I don't have the budget to buy all the top-end hardware to use with this board right now...
Does that mean you do plan on replacing parts with top-end items later? If that's the case, then I'd say the mobo you chose is just fine. It's the one I'd most likely pick for my new system, if I were to build an AMD one today (but I'm waiting to see what is available when SATA drives and NV30 are out, then will decide between AMD or Intel).

Heck, since you don't do much gaming, you may as well use the on-board video, sound, and everything else, then disable them when you add your own top-end parts. This way, you'll start with a good budget system that can grow with you.
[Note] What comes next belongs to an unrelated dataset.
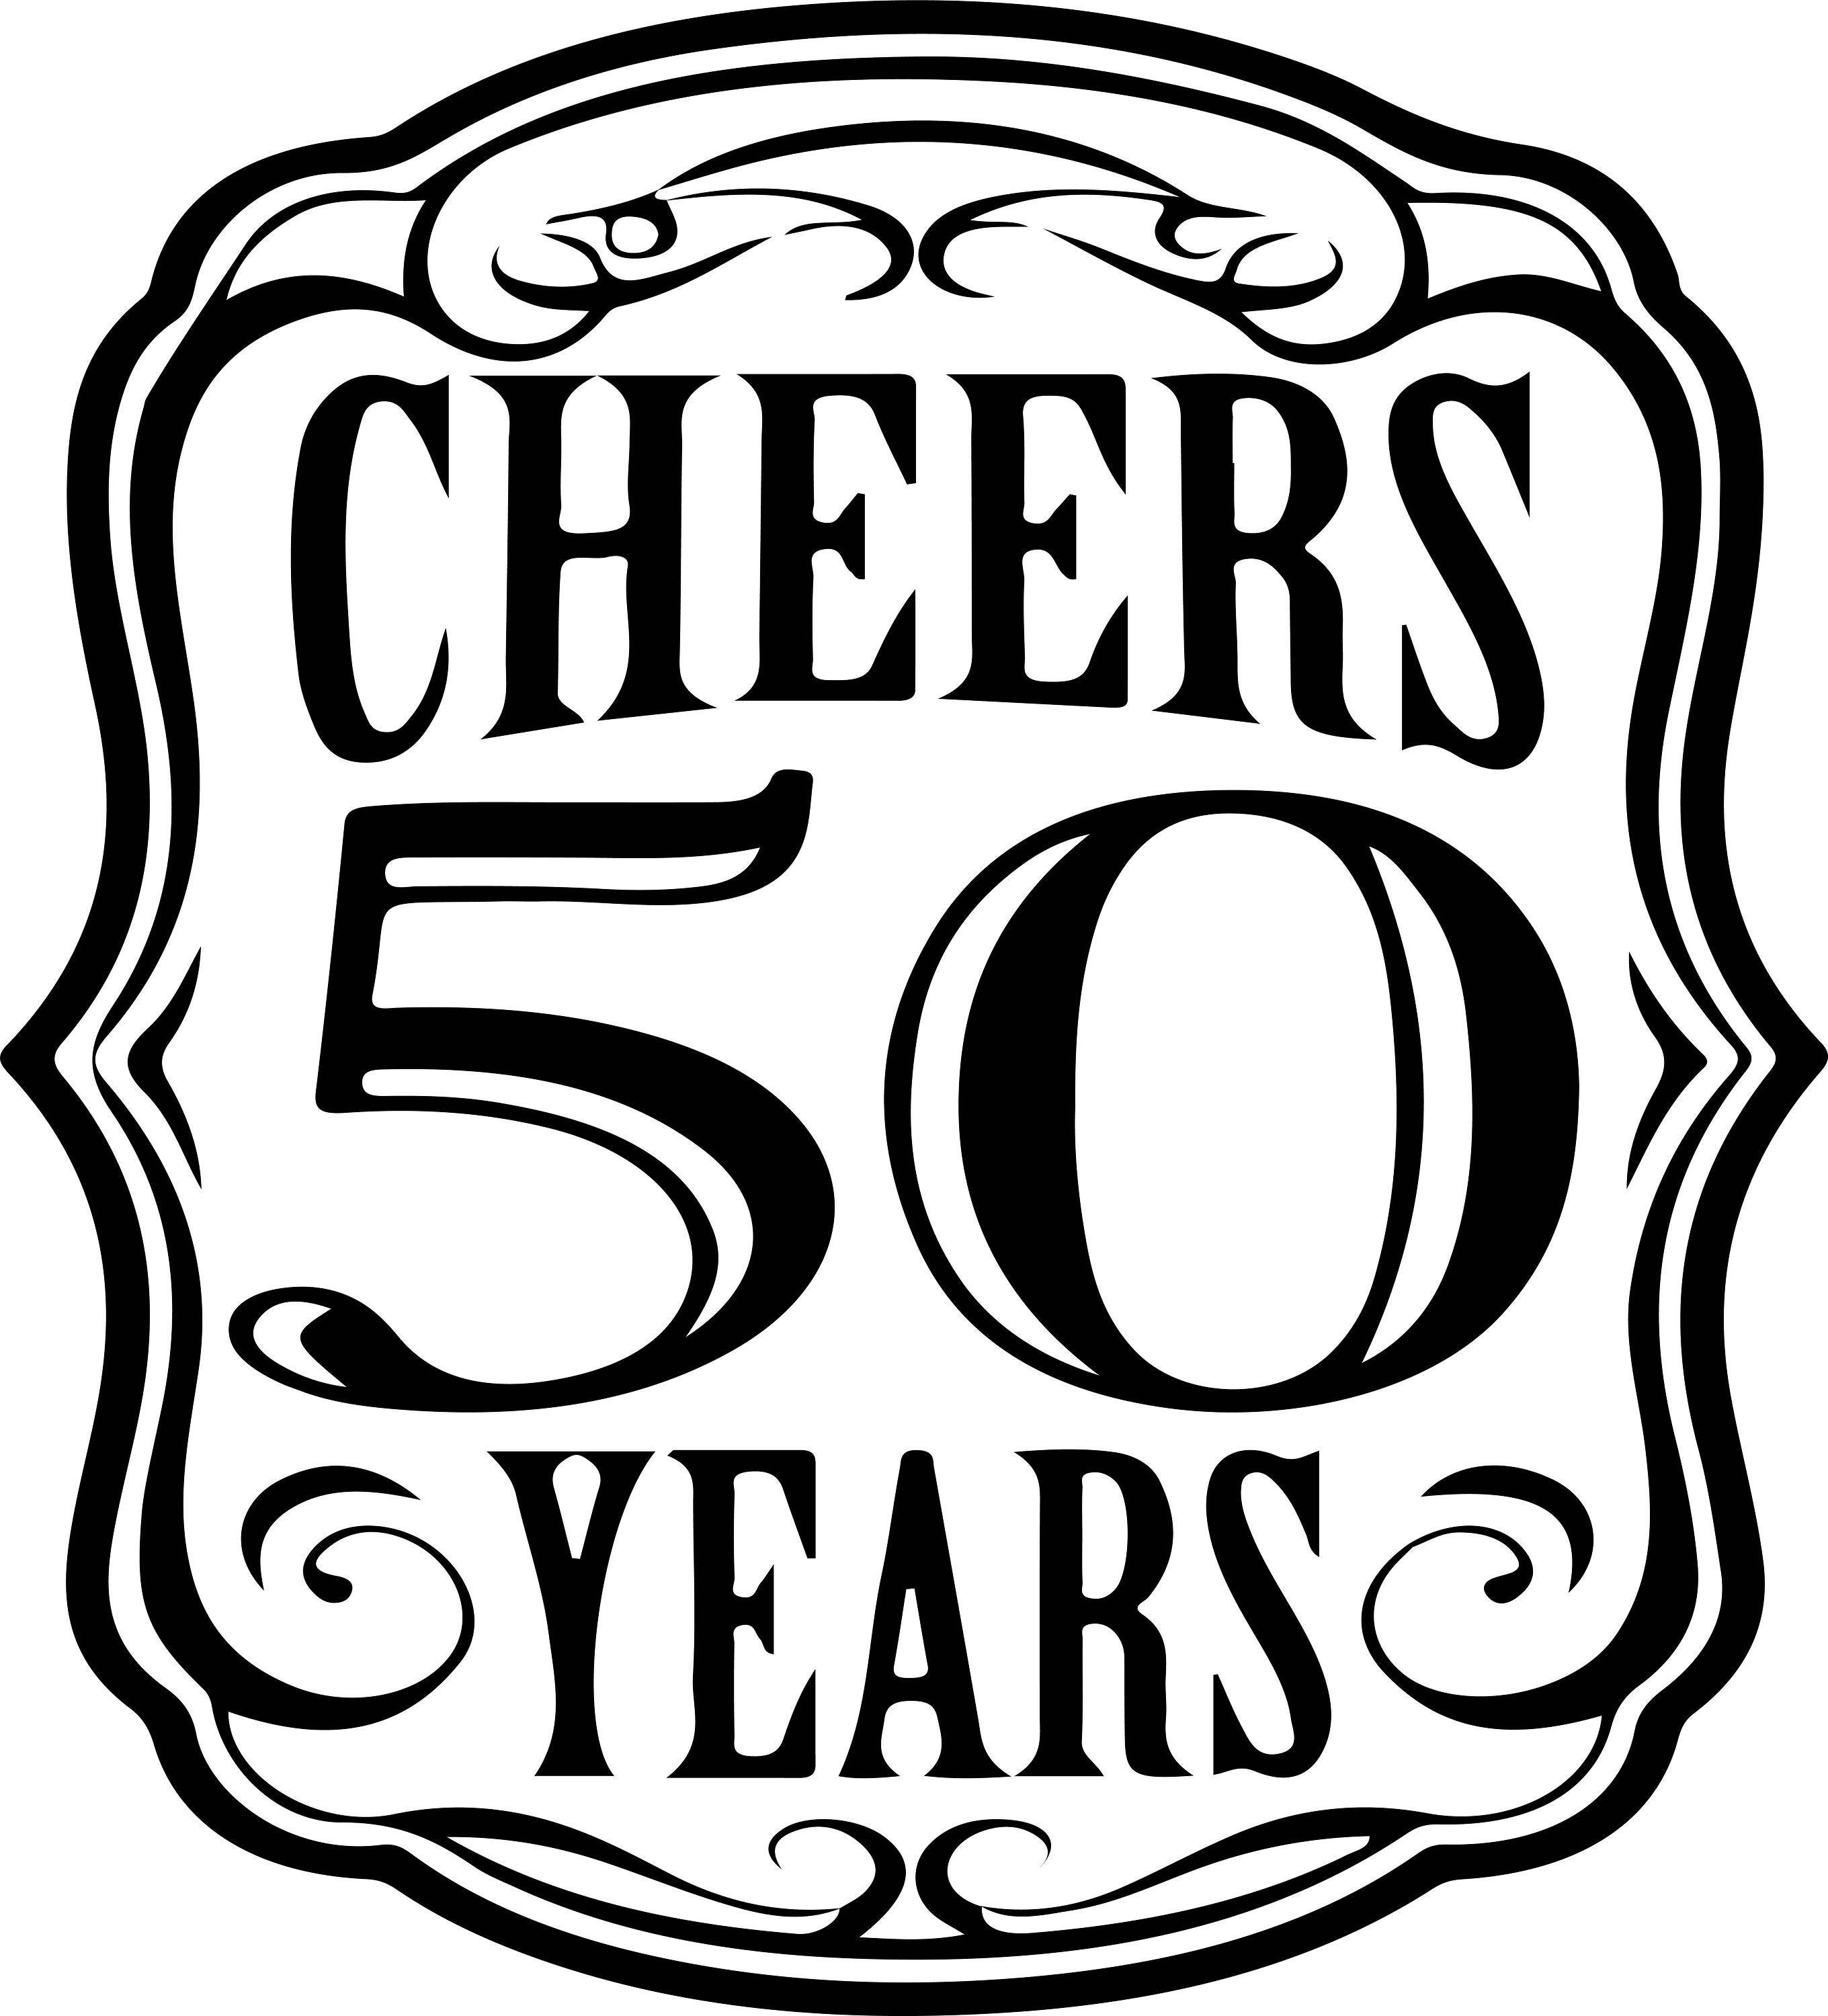 cheers-to-50-years-svgpngjpegepsdxfai-pdf-etsy

Or, you may put in a good budget video card, in the mean time (like a ti4200).

No harm in investing a little extra on a good mobo now for future upgrades later, after all.
 
what sort of games? 🙂 In terms of requirements, UT2003 / Doom 3 is a bit different to The Sims; on-board video will probably do you for the latter but really just wont cut it for the newer & arriving FPS's.

Regarding OEM, I usually buy OEM but have to watch. I've seen "OEM" video cards which only when you look closely do you see it's basically been underclocked, warranties also likely to be affected...

For CPU, a retail version has significantly longer warranty and comes with a heatsink for it. Not a great heatsink apparently but likely to be perfectly fine for you. For graphics cards, OEM is usually identical to retail but in plain packaging and missing a couple of games, which you may or may not be interested in. Watch though as I've seen some graphics cards that were described as OEM but were actually underclocked, cheaper versions. There's some thread around talking about OEM operating systems, in software forum I think, might be worth looking at (OEM XP certainly is a LOT cheaper). I cant actually think of anything else where there's OEM or retail, or at least where there's any real difference.